I tend to stay away from bananas while cutting and just have them as a treat every now and then.


----------



## JLB001 (Apr 24, 2005)

I'm having one 4 oz nana with my carb loads on Mon. and Thur.


----------



## BritChick (Apr 24, 2005)

Not during the last 8 weeks of a cutting diet for me.


----------



## shiznit2169 (Apr 24, 2005)

i dont understand what's so bad about bananas during a cut?


----------



## P-funk (Apr 24, 2005)

JLB001 said:
			
		

> I'm having one 4 oz nana with my carb loads on Mon. and Thur.



Me too.  I use them usually when I have to carb up.



> i dont understand what's so bad about bananas during a cut?



sugar


----------



## njc (Apr 24, 2005)

If your doing everything right a bannana is healthy and will defenitely not throw you off track.  Sure there are more optimal foods but do not fret over bannanas. If  u lov em i say eat em.


----------



## Emma-Leigh (Apr 24, 2005)

depends on what you exactly mean by 'cutting'. 

If you are talking about the last 6 weeks of a competition preperation, then most will take them out for either a starchy carb alternatives or because they are doing low/no carb. I don't have a problem with this and think it is somewhat justified. 

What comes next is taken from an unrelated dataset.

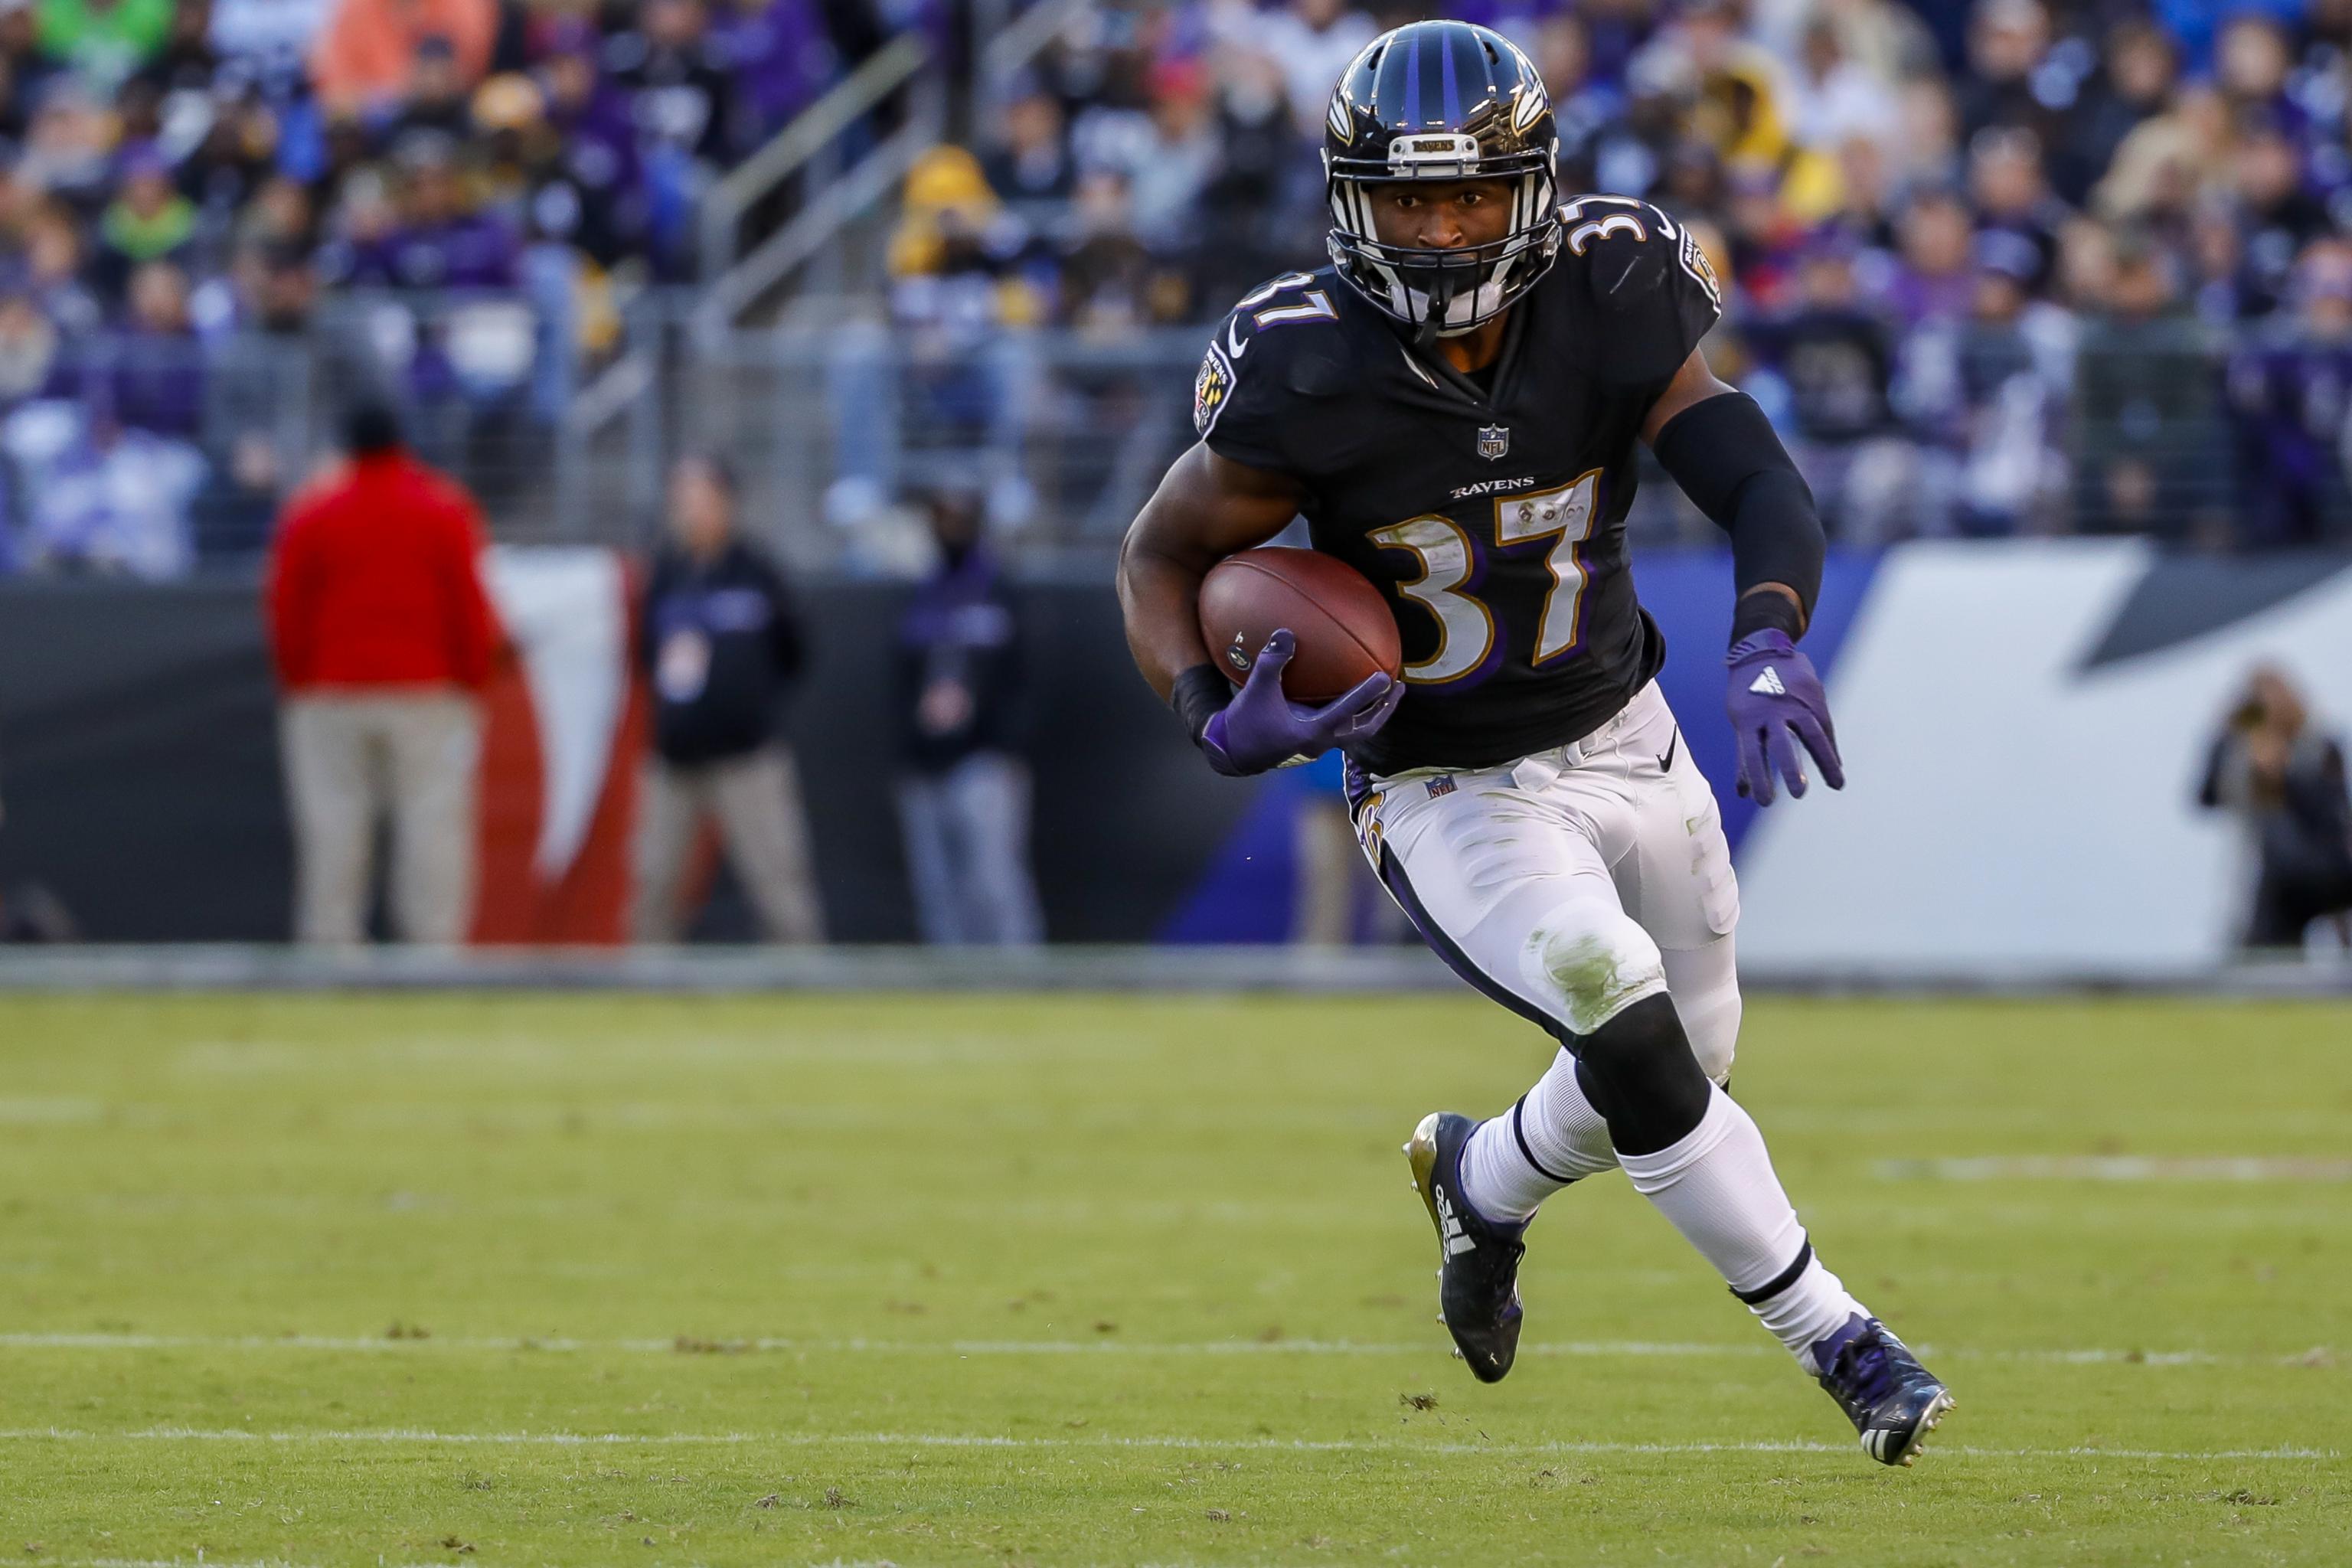 Saints News: RB Javorius Allen Signs Contract After 4 Years with Ravens, News, Scores, Highlights, Stats, and Rumors

If you are talking about someone who is just trying to lose some weight (or someone who is further out from a comp - say 16-8 weeks) then, all things being equal, banana's are fine and there is no real reason to take them out.


----------



## Pylon (Apr 24, 2005)

What about other fruits?  I've been trying to cut for a while, and fine it's easier for me if I mix in a little fruit (like an apple with my morning shake.)  Also, if pressed for time and need food, I'll stop at the local produce stand for some grapes, cashews, asian pears or apples.  Too much?


----------



## Jodi (Apr 24, 2005)

IMO, grapes, bananas, melons are the worst while cutting.  Better choices of fruit are apples, pears, peaches, berries, citrus.


----------



## gwcaton (Apr 24, 2005)

P-funk said:
			
		

> Quote:
> Originally Posted by *JLB001*
> _I'm having one 4 oz nana with my carb loads on Mon. and Thur.
> 
> ...


I thought for sure Patrick would say because it'll make your penis fall off !!


----------



## Todd_ (May 22, 2005)

i put bananas in my body but not the way u think


----------



## joesmooth20 (May 23, 2005)

Todd_ said:
			
		

> i put bananas in my body but not the way u think



 ^^

i think i may just never eat a banana again since there is so much back 
and forth on it. I really don't like them that much anyway. i'll just take some
potassium pills or something.


----------